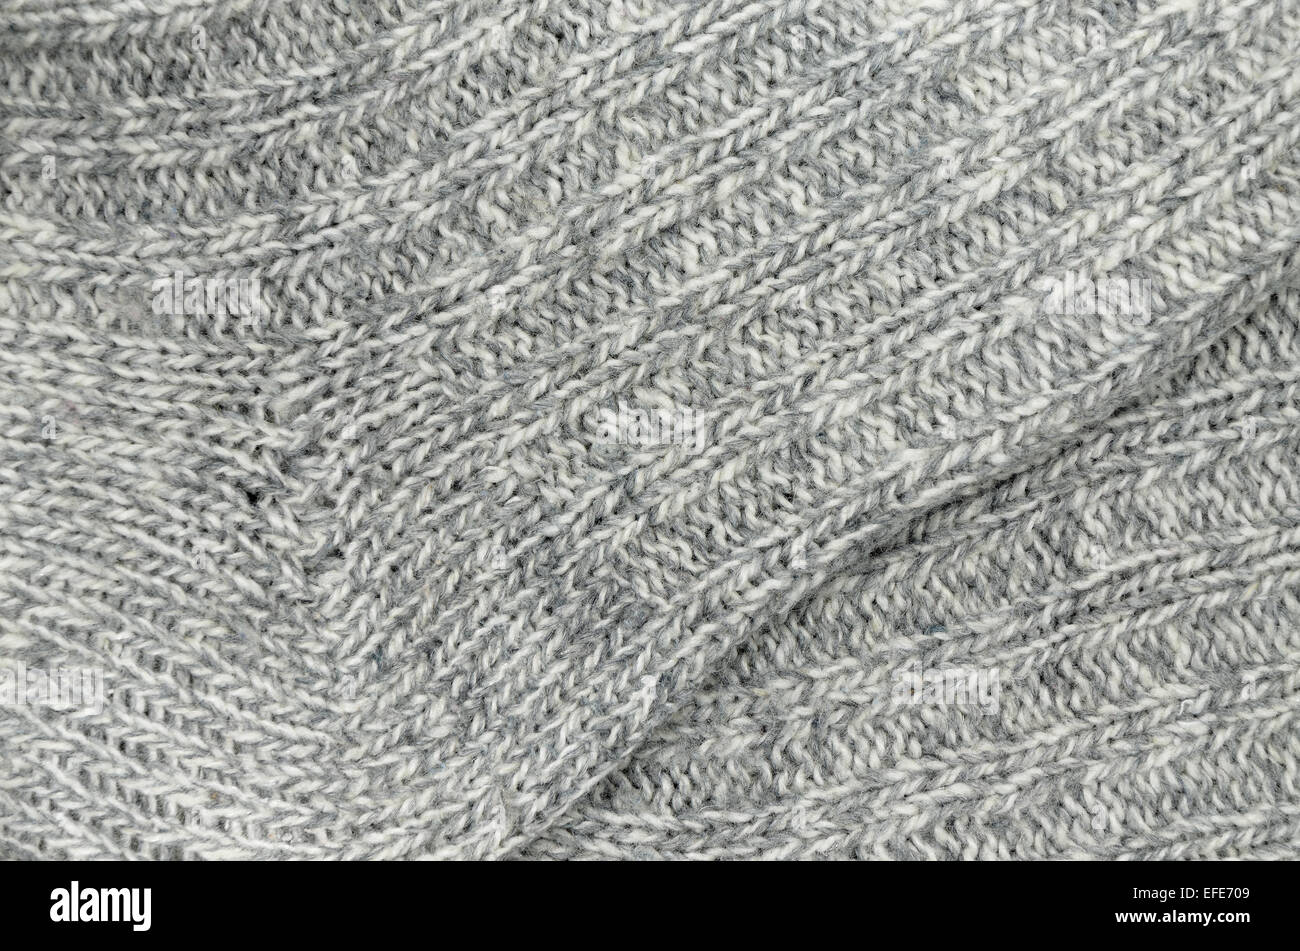 Cerca de dos grises y blancos y calcetines tejidos a rayas moteadas, full frame Foto de stock
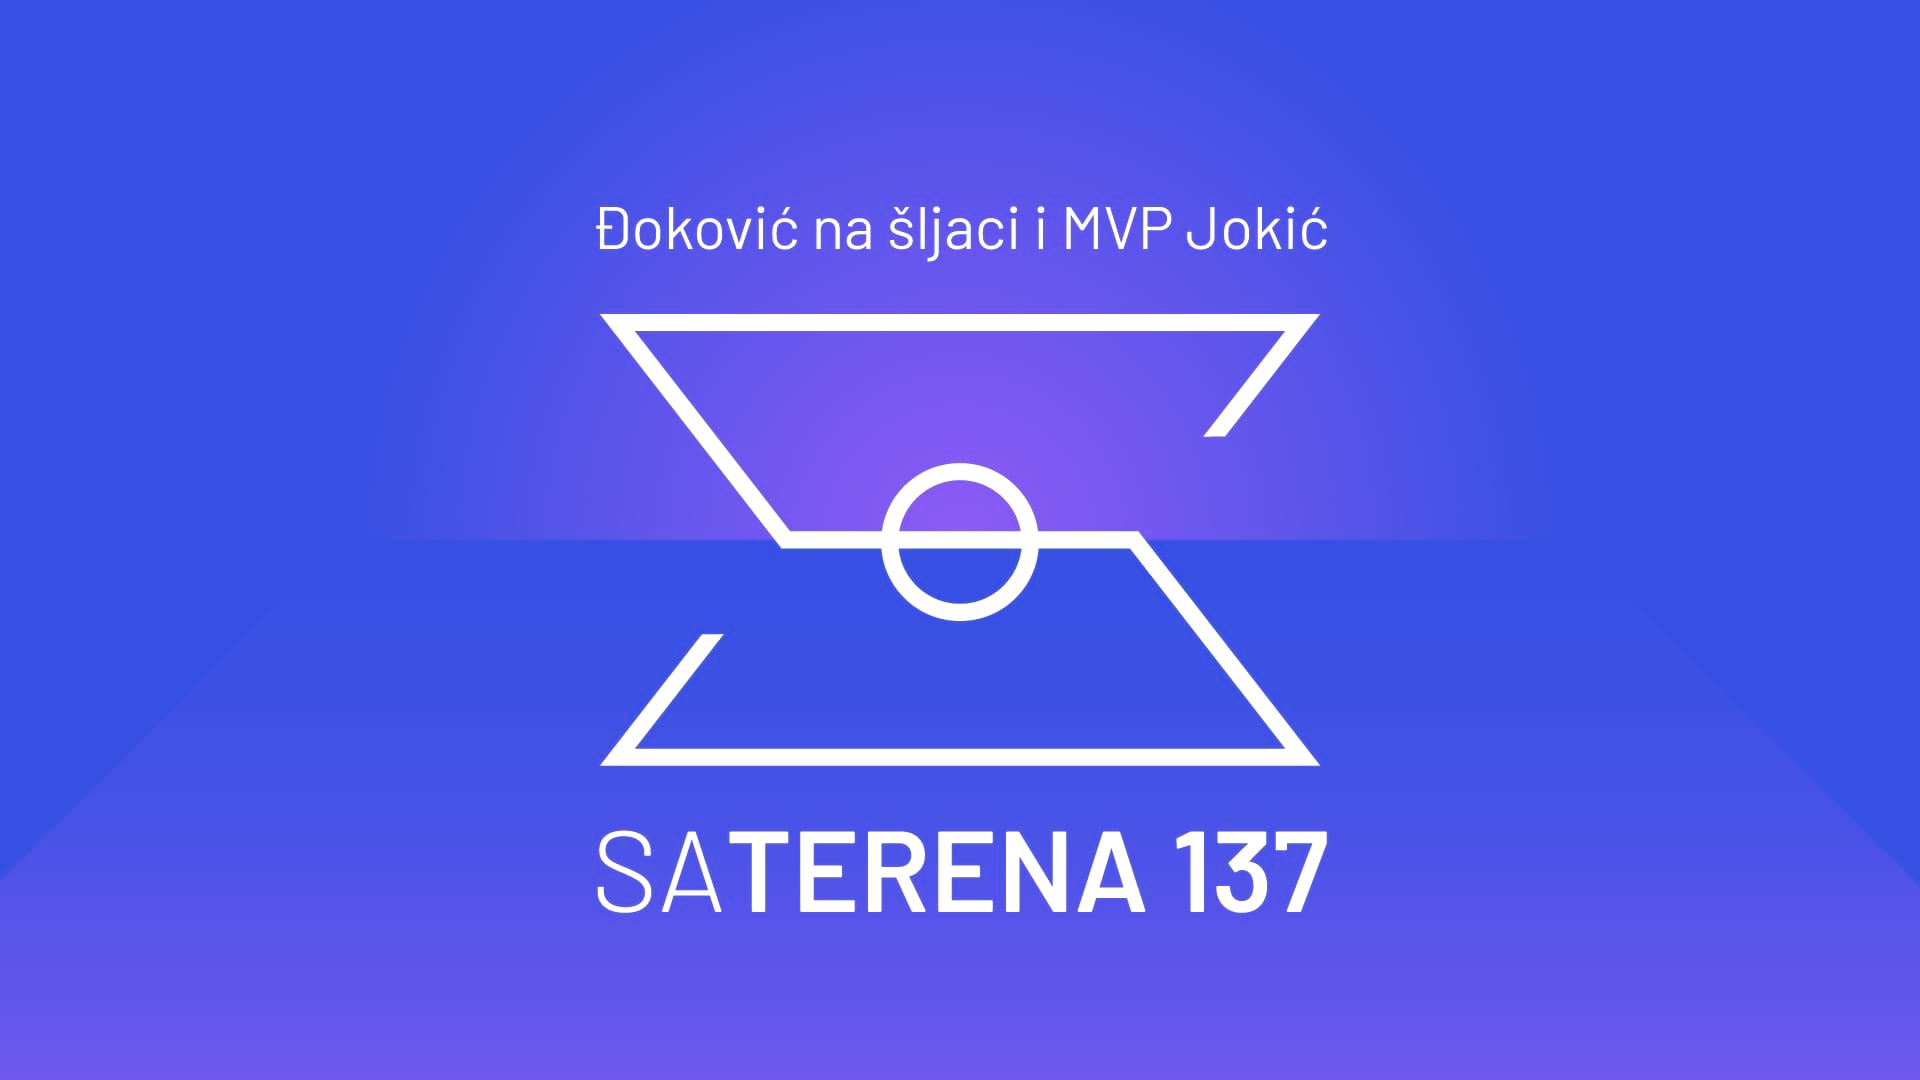 Sa terena 137: Đoković na šljaci i MVP Jokić
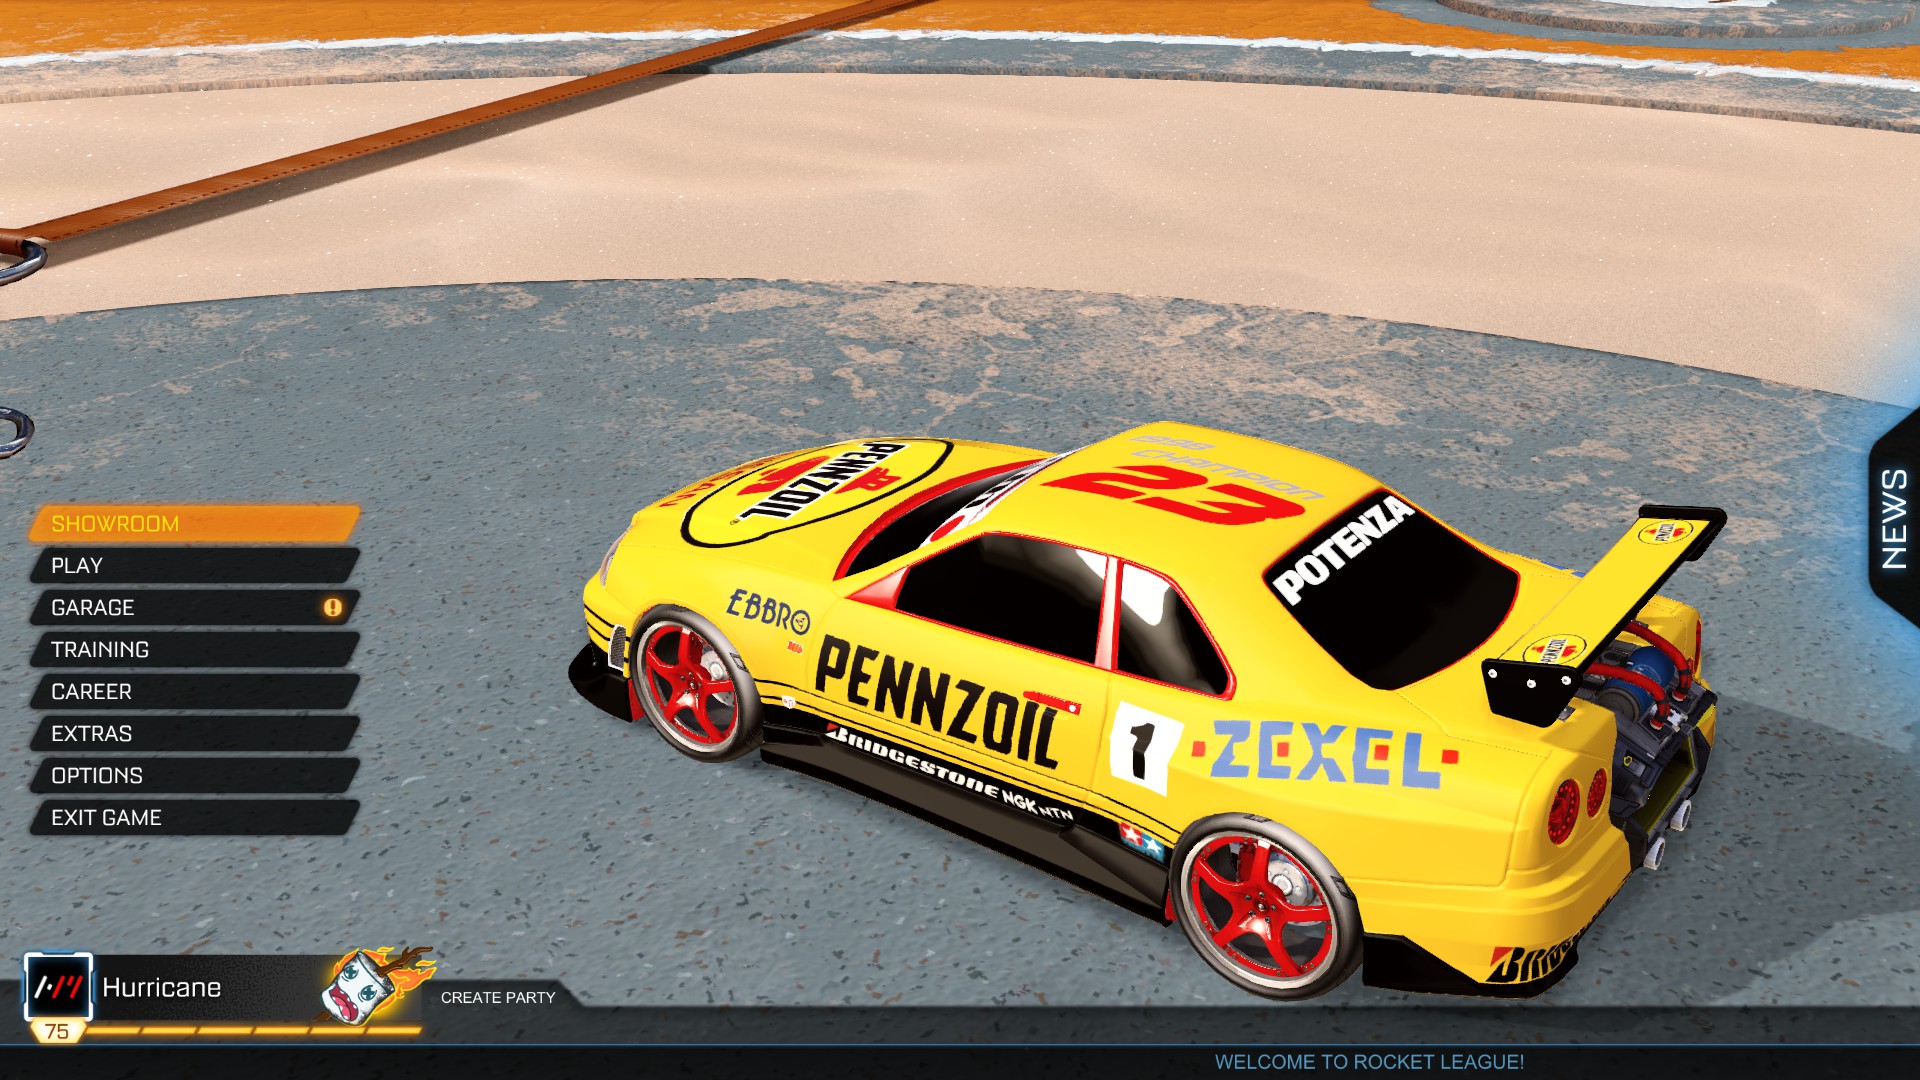 Pennzoil Skyline racing decal

◆ Work item ◆
Transcribe the data verbatim. No picture belongs in the result.

◆ Response below ◆
 Cerca de dos grises y blancos y calcetines tejidos a rayas moteadas, full frame Foto de stock
 Sa terena 137: Đoković na šljaci i MVP Jokić
 Pennzoil Skyline racing decal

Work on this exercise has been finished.